TÍA ROSA.-  ¿Vienen ustedes a beber agua de la fuente milagrosa?  (Señalando la cascada.) 

CONSUELO.-  Y al mismo tiempo a ver qué ocurre por aquí.

BRAULIA.-   (Que trae una botella en la mano.)  Decían ayer que ya había recibido Ramón los documentos que le hacen dueño de la ermita y todos sus alrededores.

TÍA ROSA.-  ¡Qué escándalo para la cristiandad, que se apoderen los herejes de este santuario!

BRAULIA.-  ¡La patrona del concejo!

TÍA ROSA.-  La que presta a estas aguas sus virtudes.

BRAULIA.-  Yo no sé en qué piensan los reverendos que no han puesto en juego su influencia para evitar el despojo.

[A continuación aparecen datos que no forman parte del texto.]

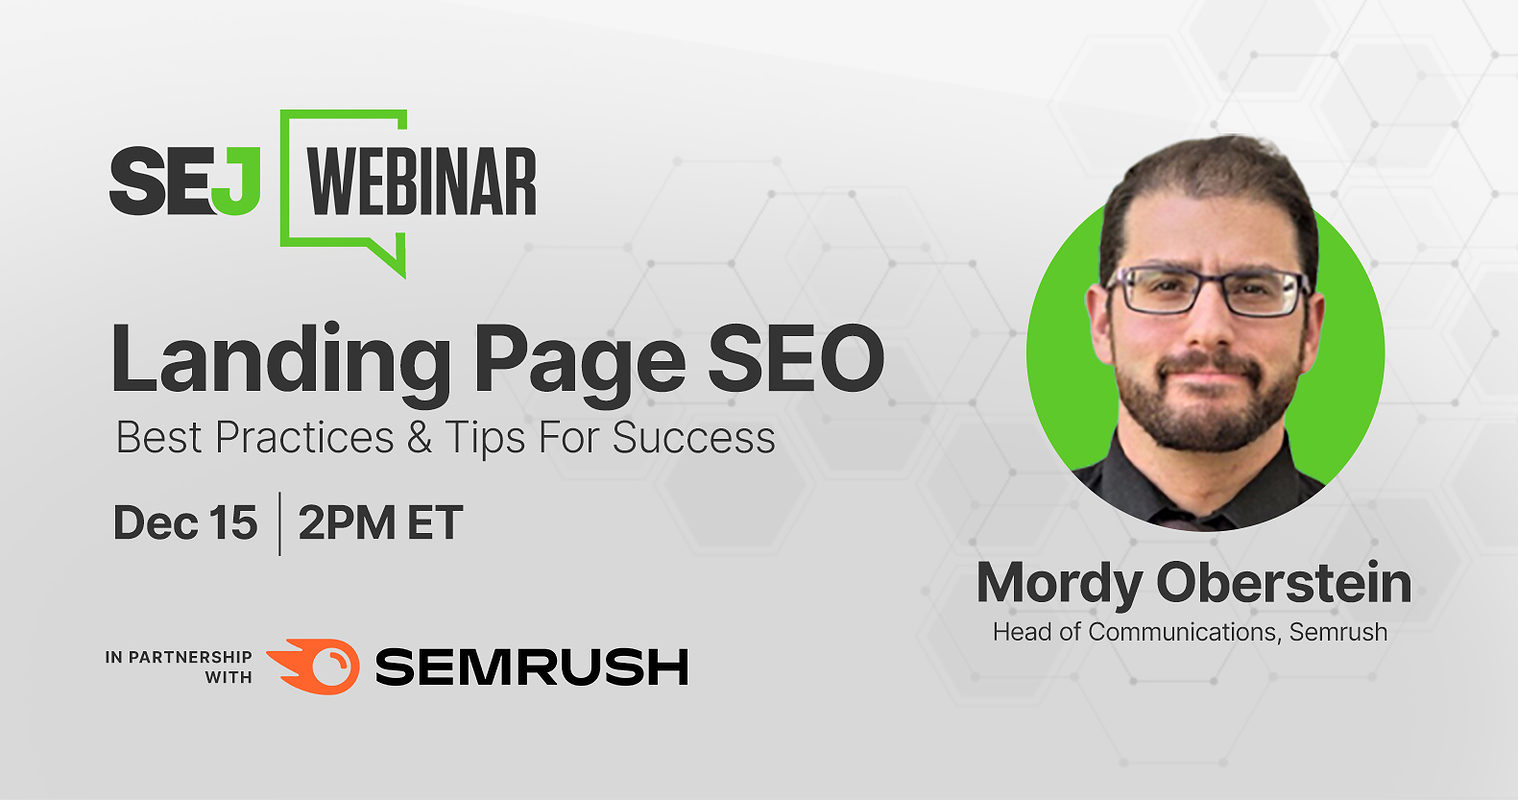 Landing Page SEO Best Practices & Tips For Success [Webinar]

TÍA ROSA.-  ¿Hablaron ustedes con el Padre Juan?

CONSUELO.-  Yo hablé.

TÍA ROSA.-  Y, ¿qué dijo, qué dijo?

CONSUELO.-  Nada; que tuviéramos resignación cristiana, que respetáramos los designios de Dios, que a veces consiente estas cosas para probarnos...

TÍA ROSA.-  ¡Sí: lo que yo digo! ¡Si ese hombre es un santo!

BRAULIA.-  Lo mismo me aconsejó a mí.

TÍA ROSA.-   (Volviéndose hacia la ermita.)  ¡Y pensar que no he de volver a encender esa lámpara, ni a recoger las panojas que ofrecen los devotos! ¡Vamos, si esto es para volverse una loca!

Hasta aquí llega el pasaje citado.